WELLINGTON, New Zealand (Radio New Zealand International, April 14, 2010) – Tokelau has declared its intention to outlaw whaling in its 290,000 square kilometers exclusive economic zone.

This brings to 11 the number of Pacific nations and territories to have created sanctuaries protecting whales within their waters.

[PIR editor’s note: Tokelau, a territory of New Zealand, is a group of three atolls located north of the Samoas. The atolls have a population of about 1,400.]

Fakaofo’s traditional leader, Aliki Faipule Foua Toloa, says steps are needed to conserve the species, which has a cultural and spiritual significance for many Tokelauans.

He says Tokelau’s Council made an informed decision based on various scientific data and he hopes other Pacific nations, which haven’t done so already, will do the same.

"It’s a wise decision on behalf of Tokelau to do that.

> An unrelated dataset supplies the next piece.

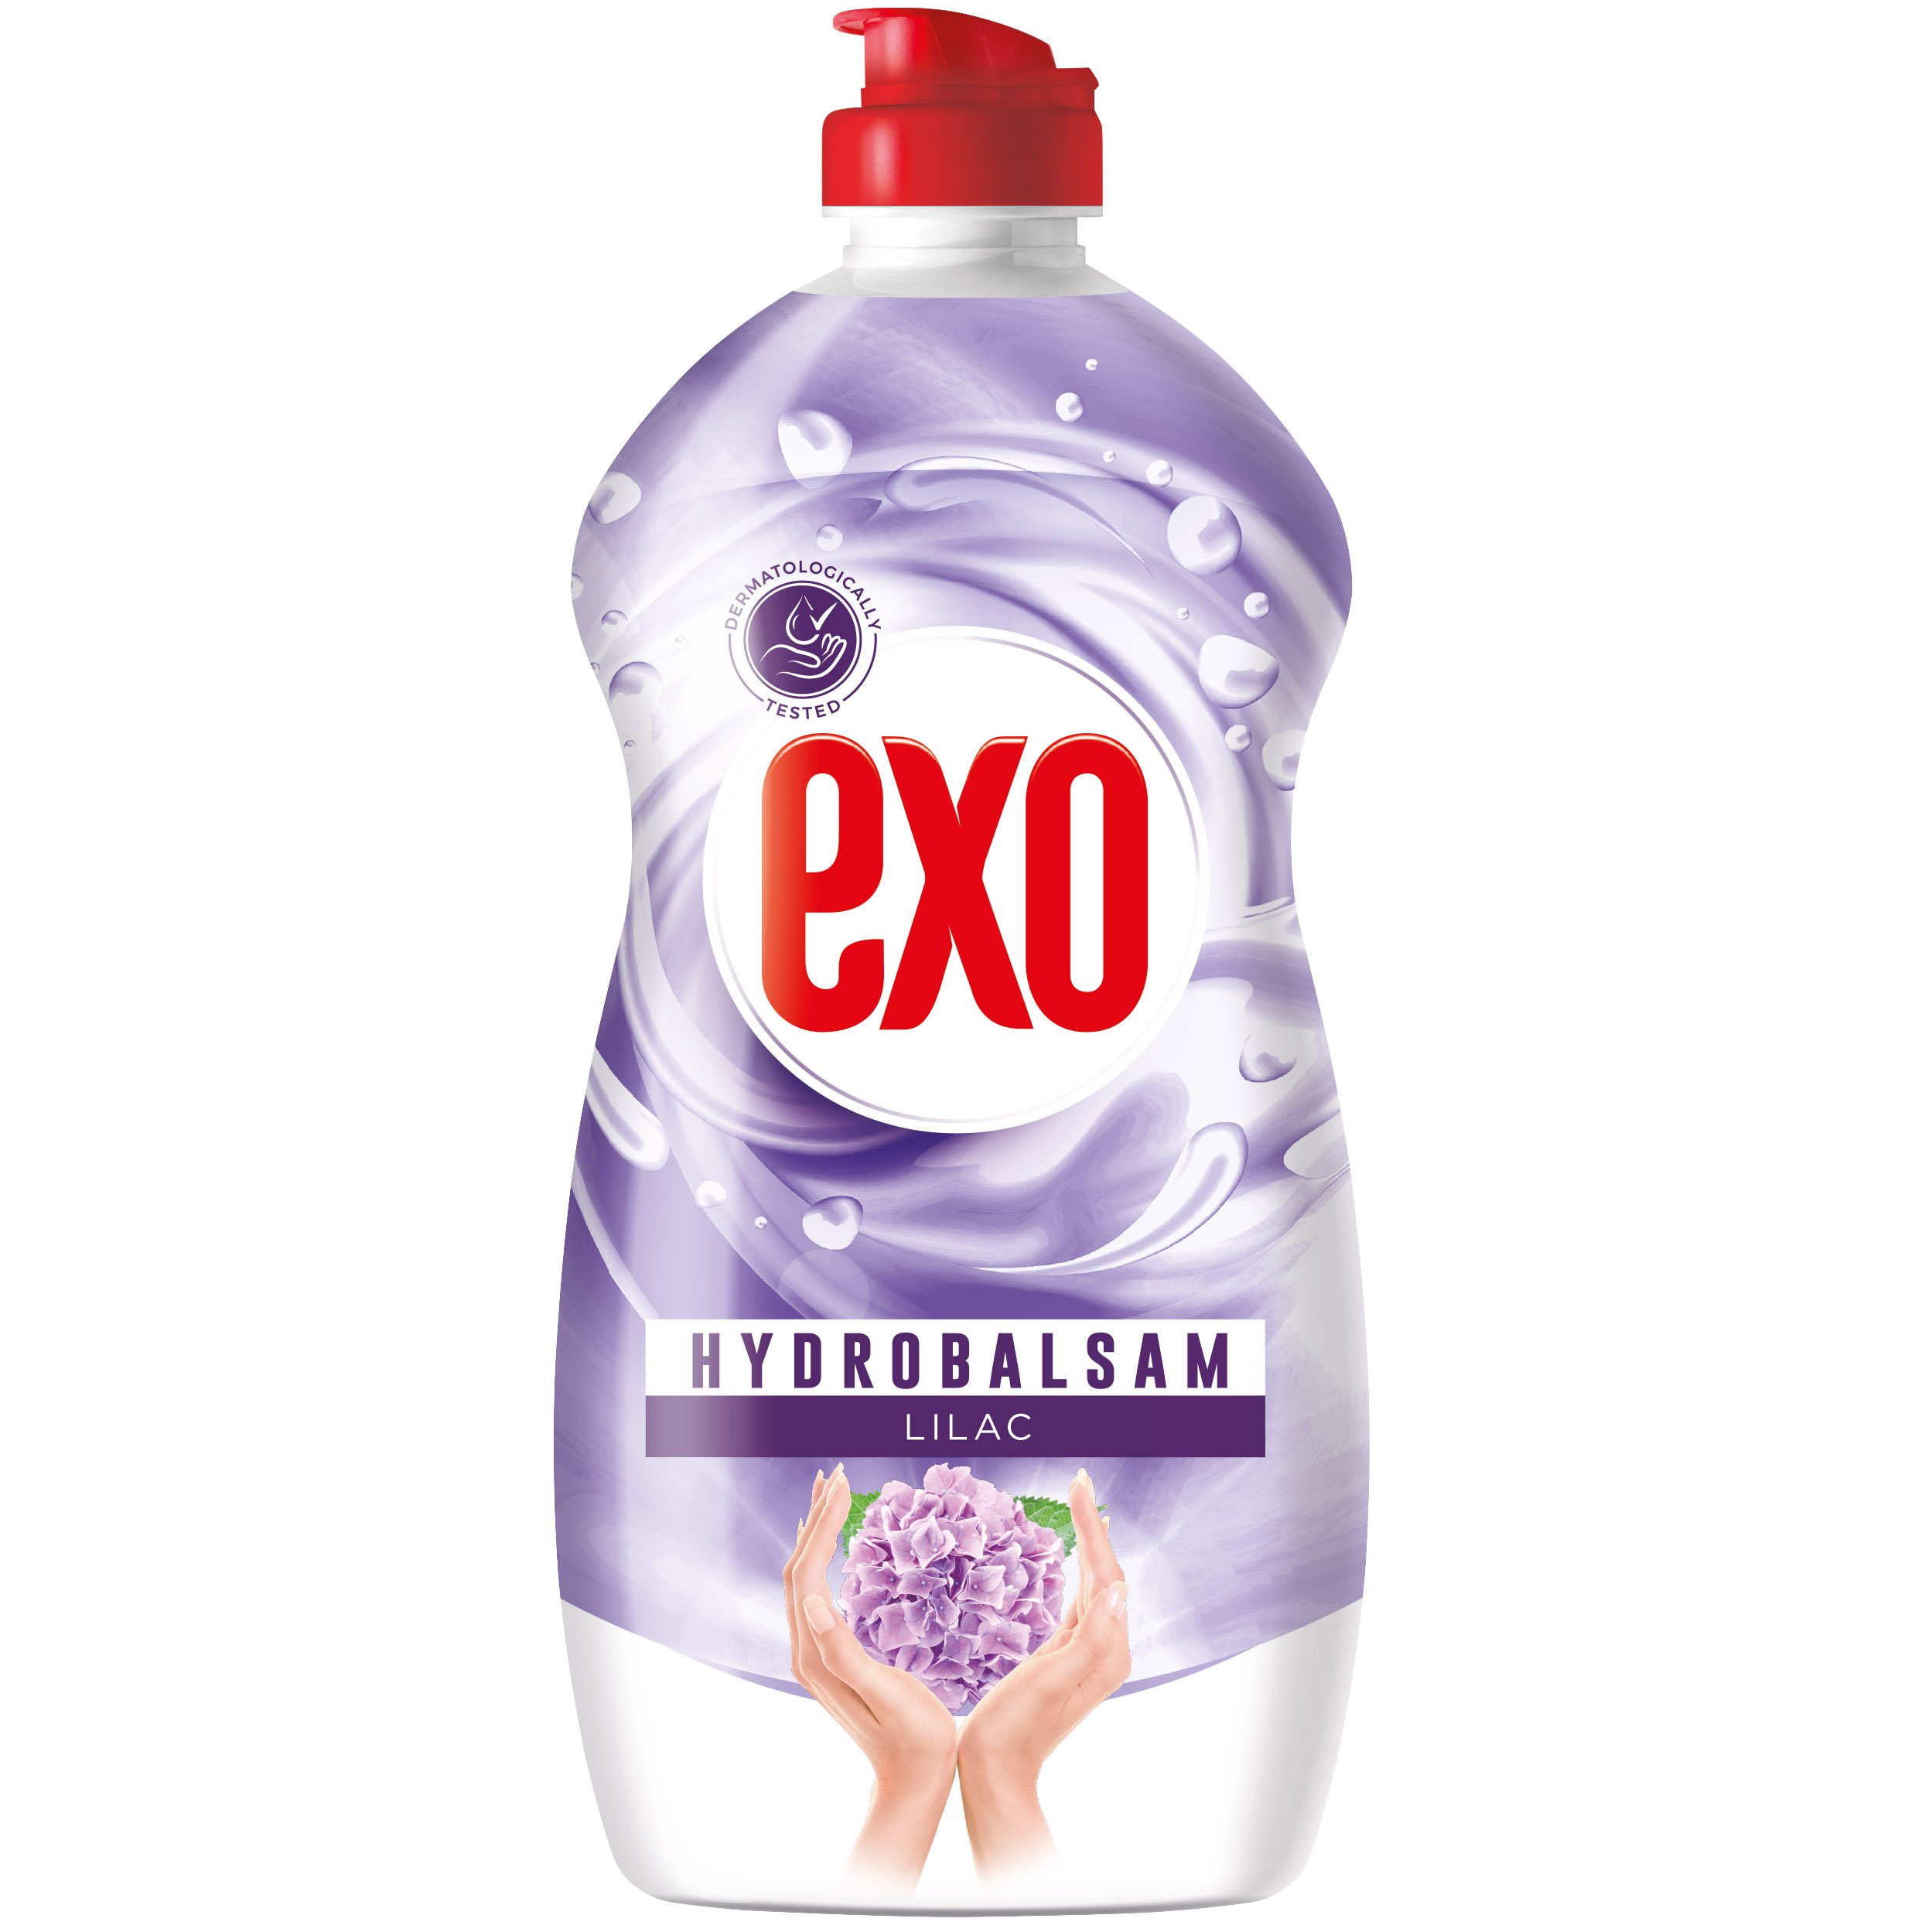 Photos - Dish Soap EXO Засіб для миття посуду  Hydrobalsam Lilac 400 мл

And I believe its adding to the solidarity of the Pacific on issues like this especially as it is a very important resource."

Aliki Faipule Foua Toloa

Tokelau made the declaration at today’s gathering of the South Pacific Whale Research Consortium in Auckland.

Meanwhile an official with New Zealand’s Ministry of Foreign Affairs says the territory is constitutionally required to discuss such a move with Wellington and is yet to do so.